### Your goal
Once the line containing "showing the location" is found in the data below, repeat it and every later line exactly, leaving the pictures out.

### Given material
--- START ---
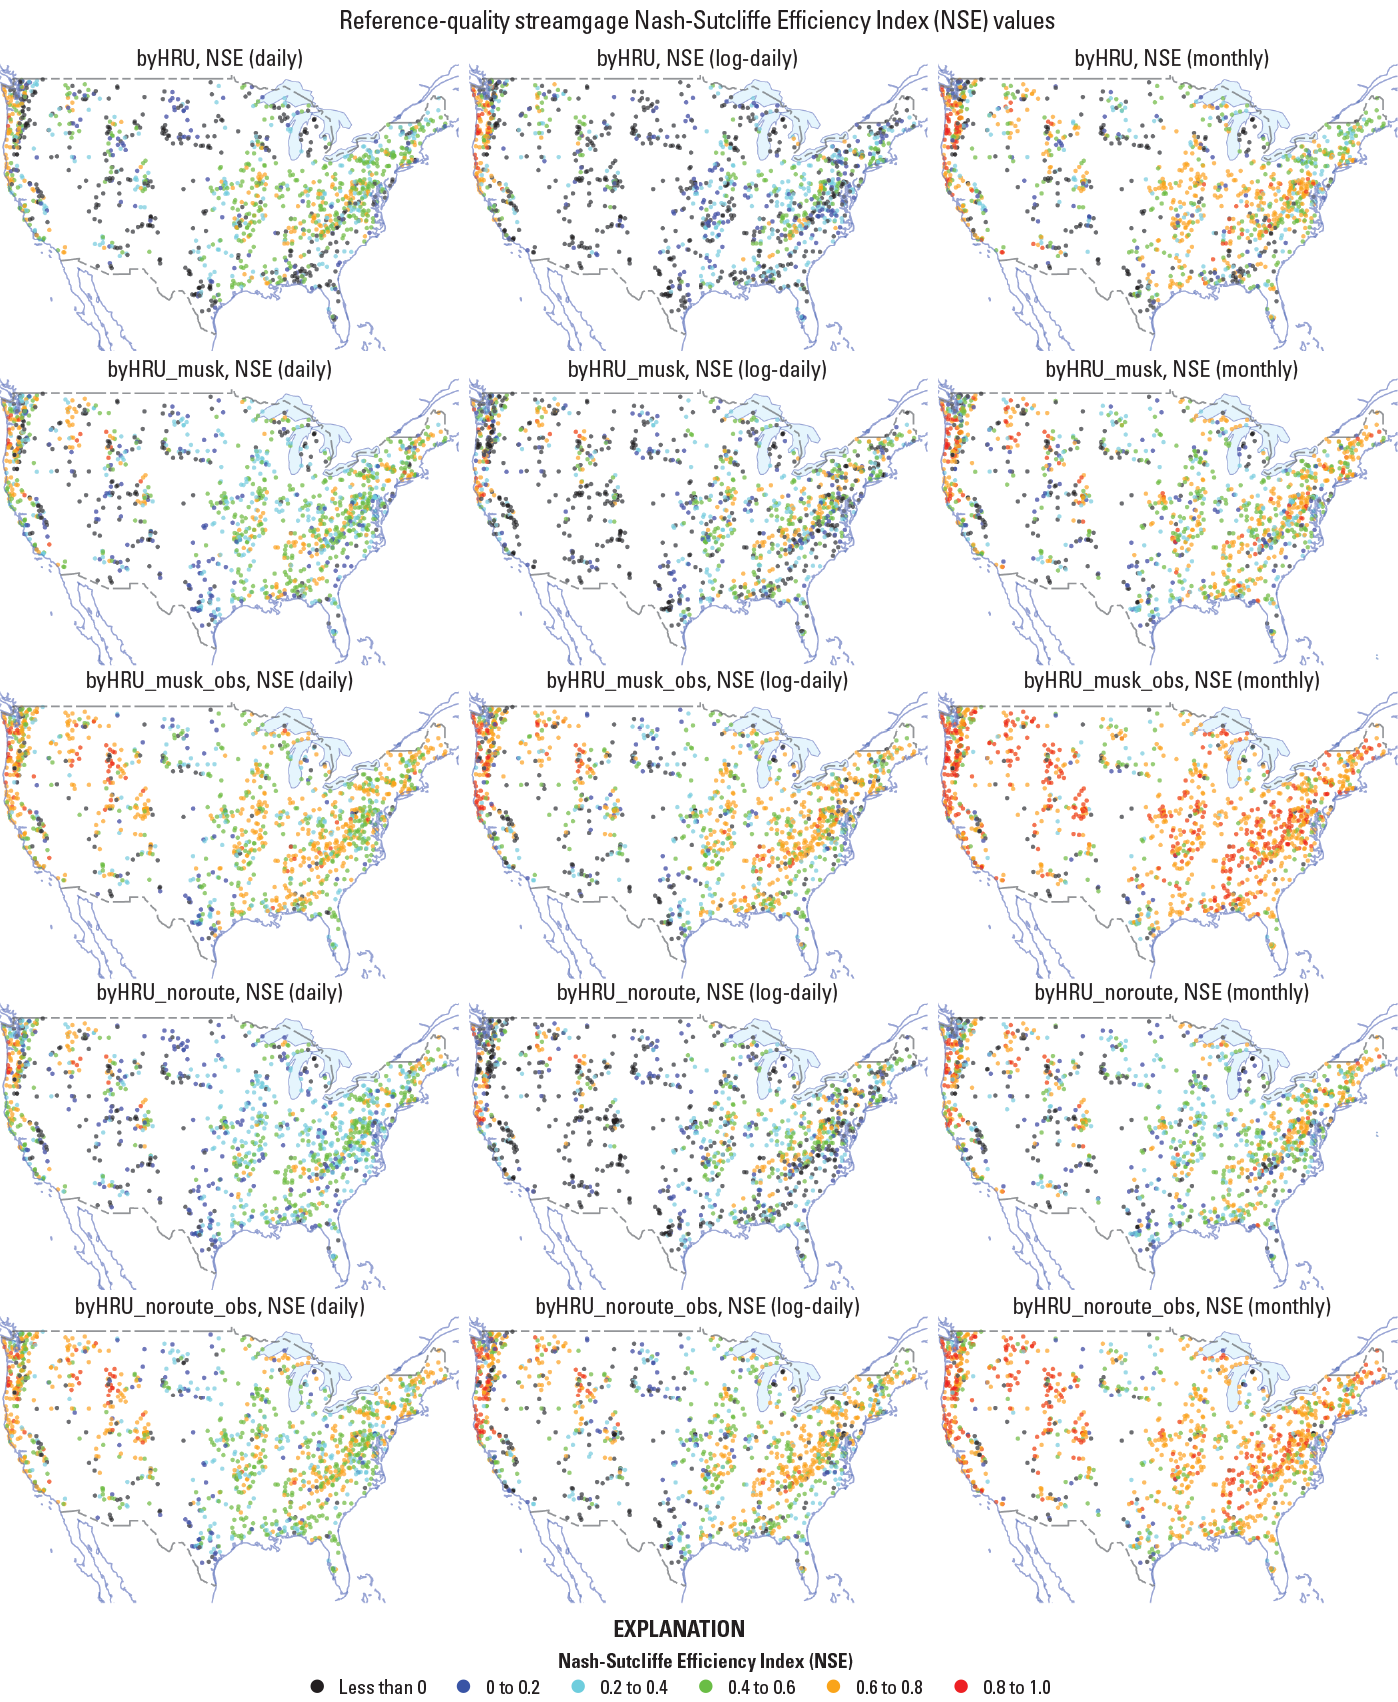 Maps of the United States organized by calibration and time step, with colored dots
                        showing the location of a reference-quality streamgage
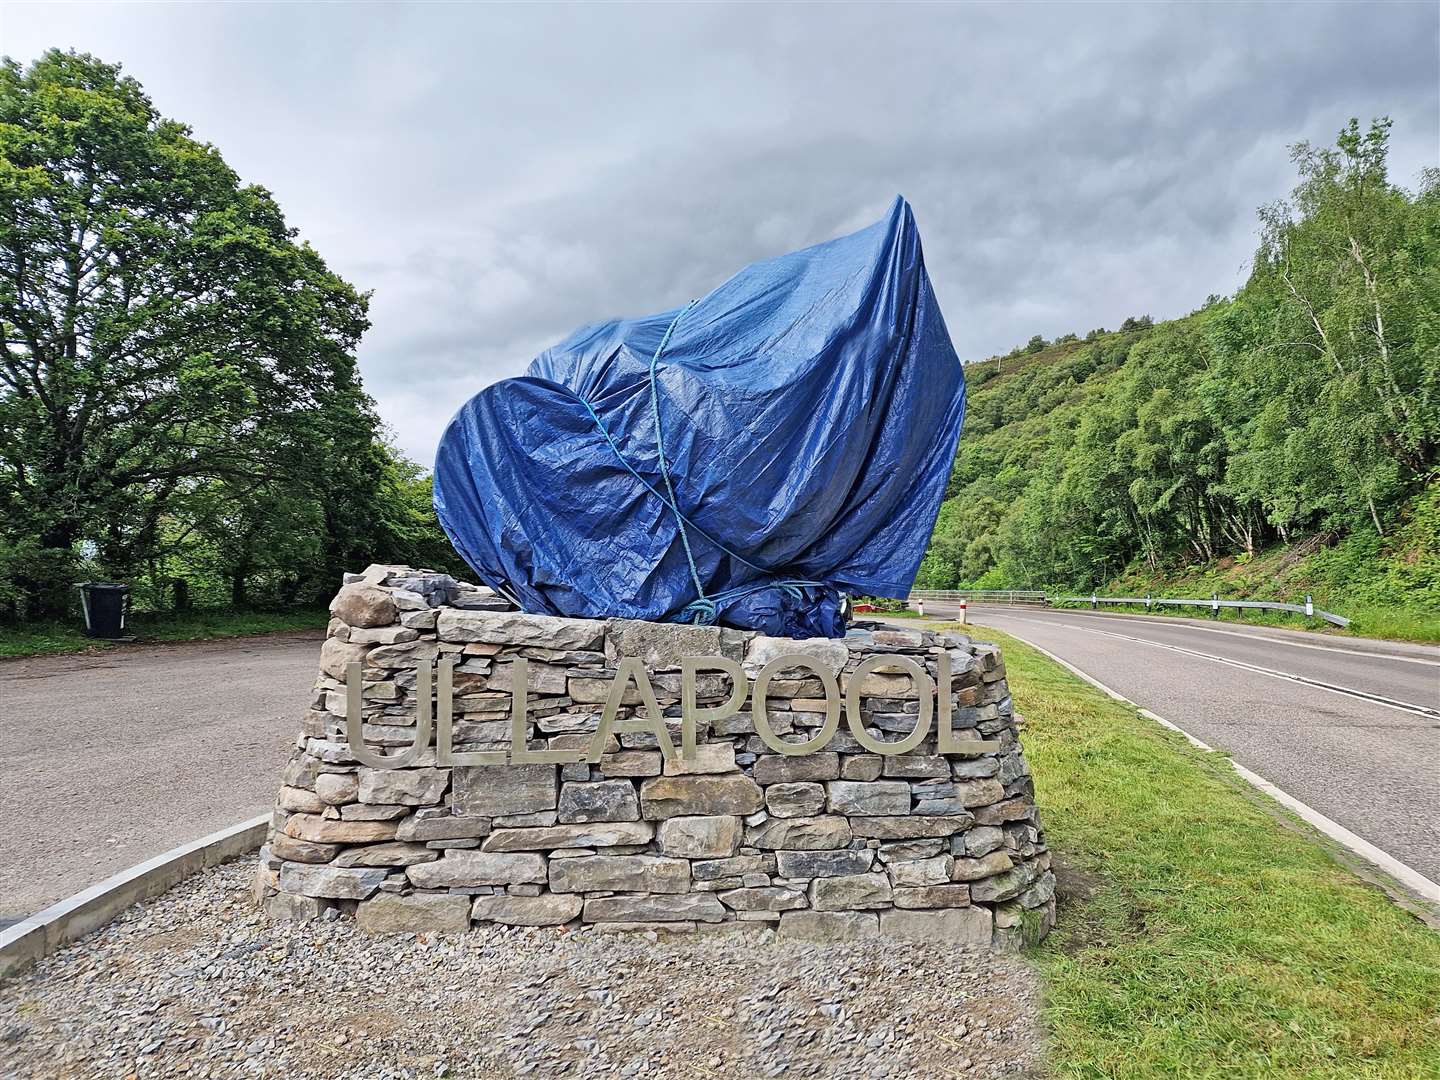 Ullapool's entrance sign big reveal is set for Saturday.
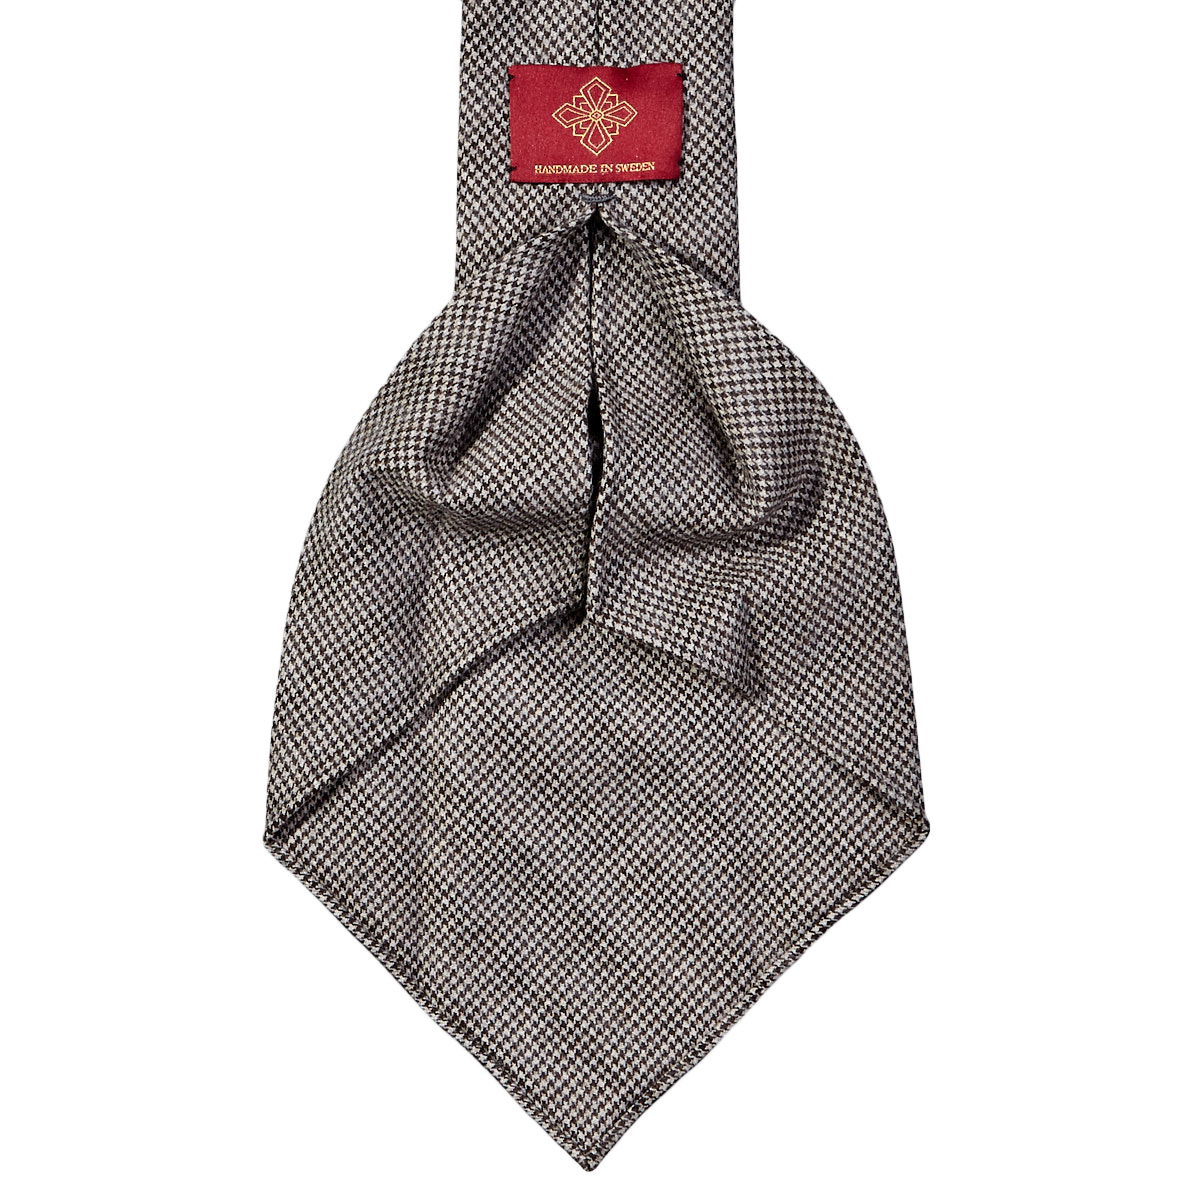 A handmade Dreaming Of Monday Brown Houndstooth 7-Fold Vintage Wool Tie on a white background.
--- END ---
### Output
                        showing the location of a reference-quality streamgage
 Ullapool's entrance sign big reveal is set for Saturday.
 A handmade Dreaming Of Monday Brown Houndstooth 7-Fold Vintage Wool Tie on a white background.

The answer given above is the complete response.